That pink sometimes shades into lavender and melts along the horizon right around the island, it’s a pretty sight, but not the evening we took our walk, and granted, if I hadn’t stopped to snap so often we might not have been slopping around in tidal pools as we made our way back for tapas. When Guy was visiting, we decided to walk one evening, before eating, to Bocinegro, that’s the smaller of the two volcanoes which mark the perimeter of the beach.
Bocinegro is an after thought, a punctuation mark at the foot of the iconic Montaña Roja. It’s an easy walk, almost a stroll – unless you forget about the time and have to clamber over wet rocks in the dark, as we did that night!
The sky was darkening over the foothills even as we circled the beach, the sun just tinting the underbelly of the cloud mass behind us.
The sun was sinking fast. Coastal sunsets at this latitude don’t linger long. They are often dazzling, but over quite soon, and night descends fairly quickly.

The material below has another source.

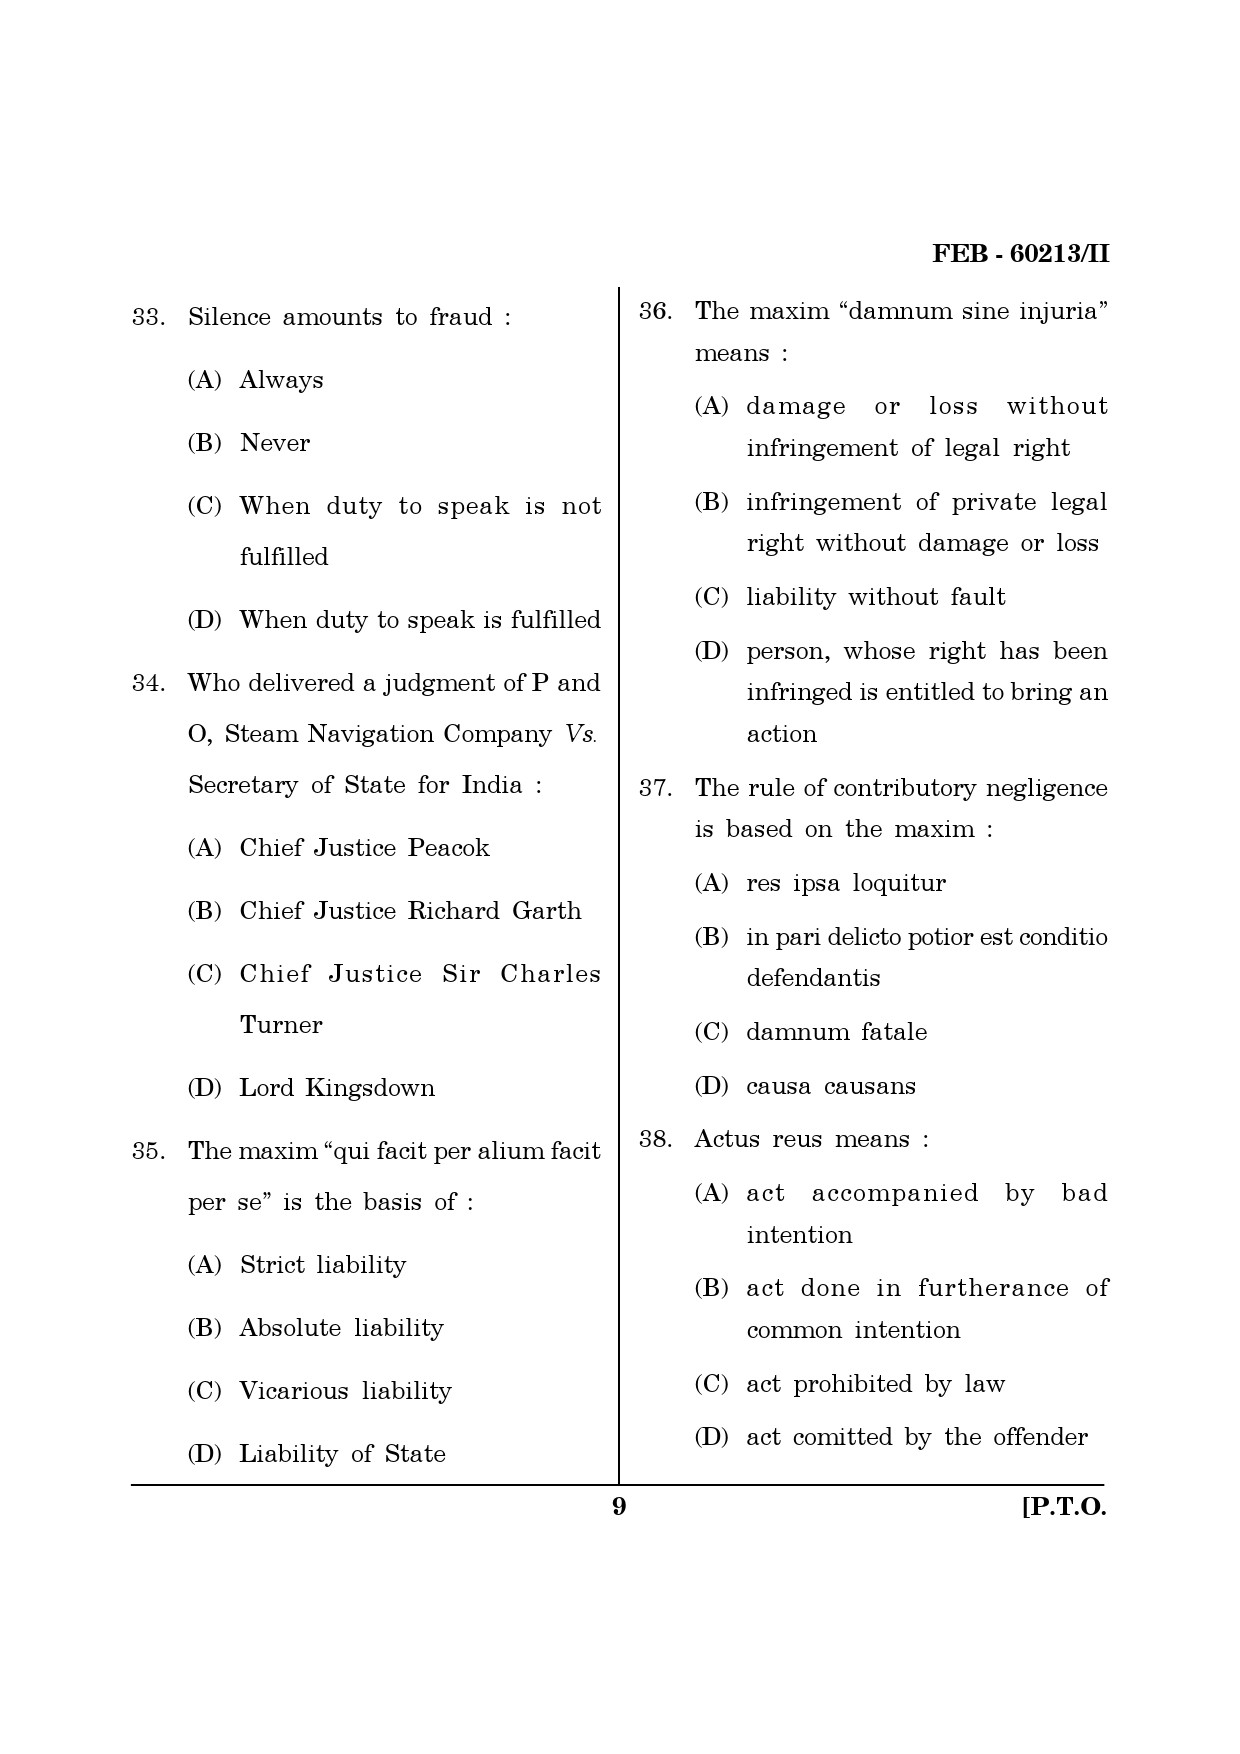 Maharashtra SET Law Question Paper II February 2013 9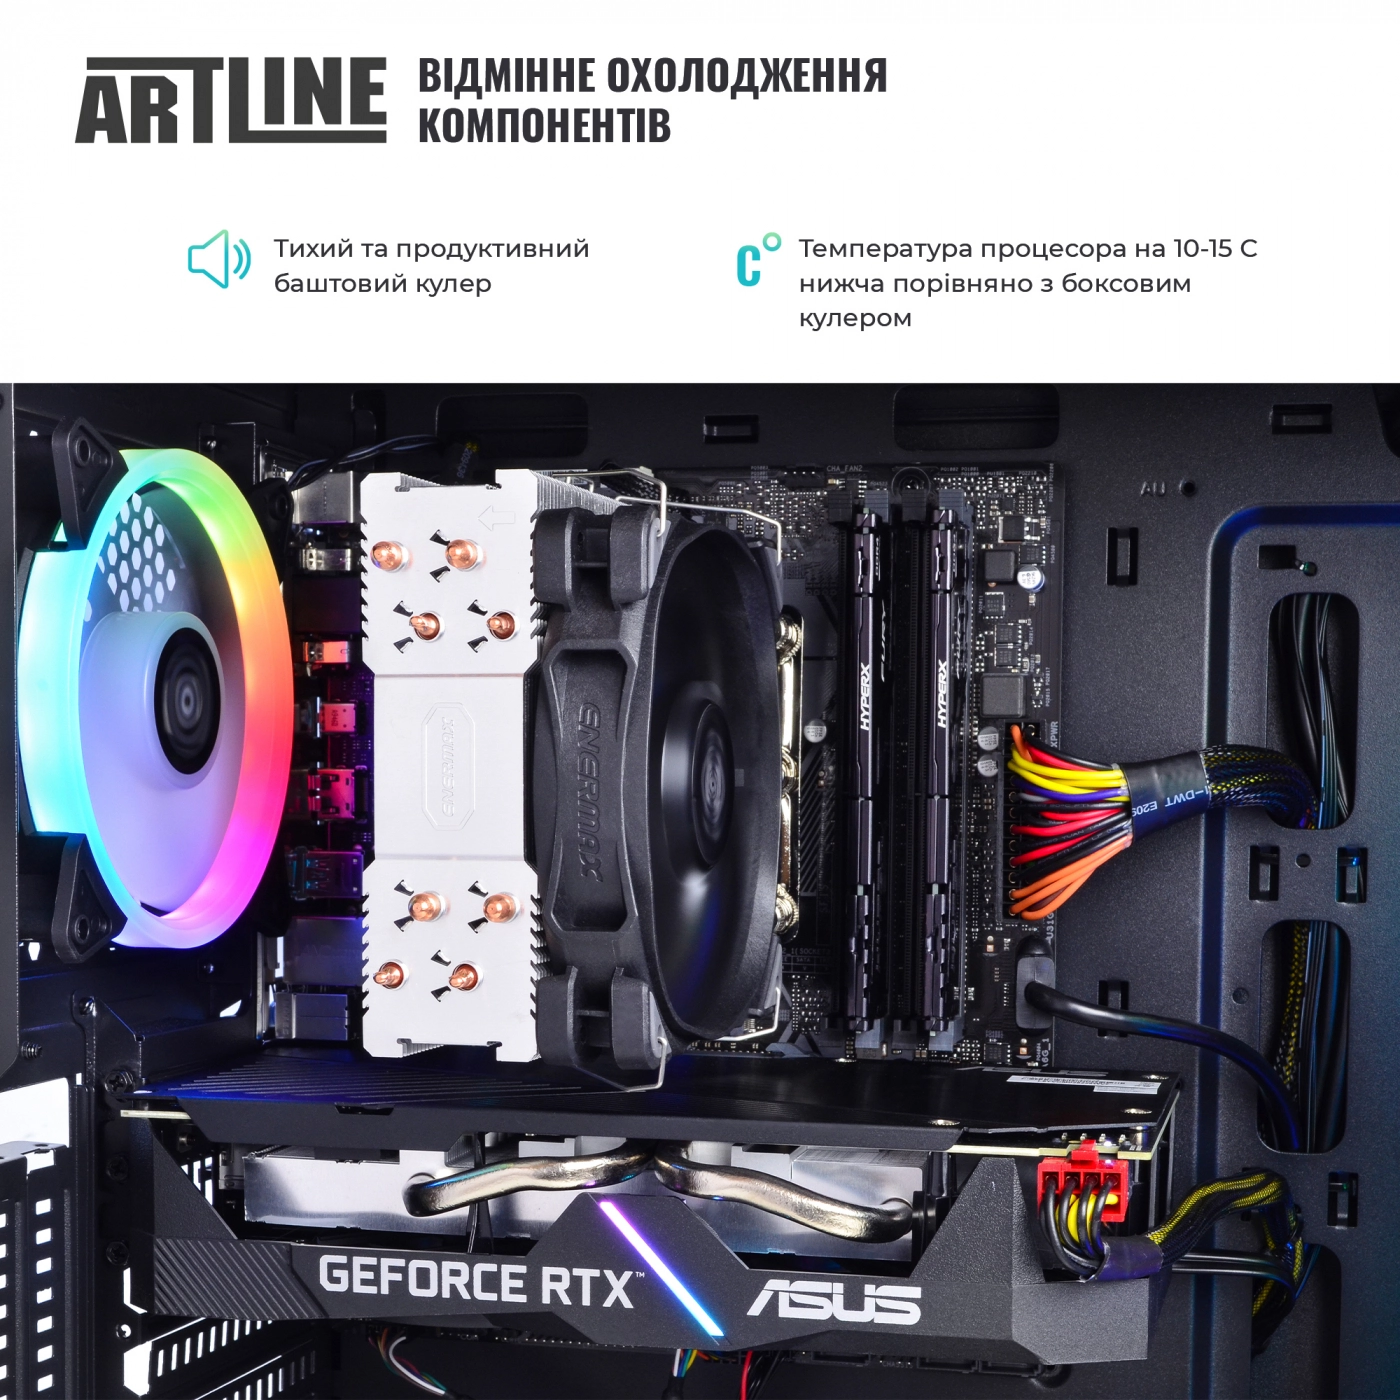 Купить Компьютер ARTLINE Gaming X90v01 - фото 3

Nevertheless we made it to the top of Bocinegro’s 118 feet in good time. It’s just about the right length of walk to work up an appetite, but not overdo it. Guy was in training and I had a wonky knee. Being so familiar with the area I didn’t worry too much about losing the light, but as we reached the beach I had to fumble for my torch (always useful to keep a torch with your camera bag I’ve learned!) The night had turned to pitch black, and the moon wasn’t up yet. We skidded on the loose stones as we neared the beach, and then picked our way between damp sand and rock pools, as tiny fish skittered to hide from the torchlight, but it was worth the slithering and sliding for the views of nighttime El Médano from a different angle to usual, as the lights flickered on along the bay.
I don’t need another reason to be thankful for living here ….. as you might have gathered from my previous post!……but this did give me another, I have to admit. Being such a lover of early mornings, I often find it hard to burn the candle at both ends, so I’m not that much of a night owl, but I’m thinking that from time to time I should break my habits, take a siesta and go out late with the camera again!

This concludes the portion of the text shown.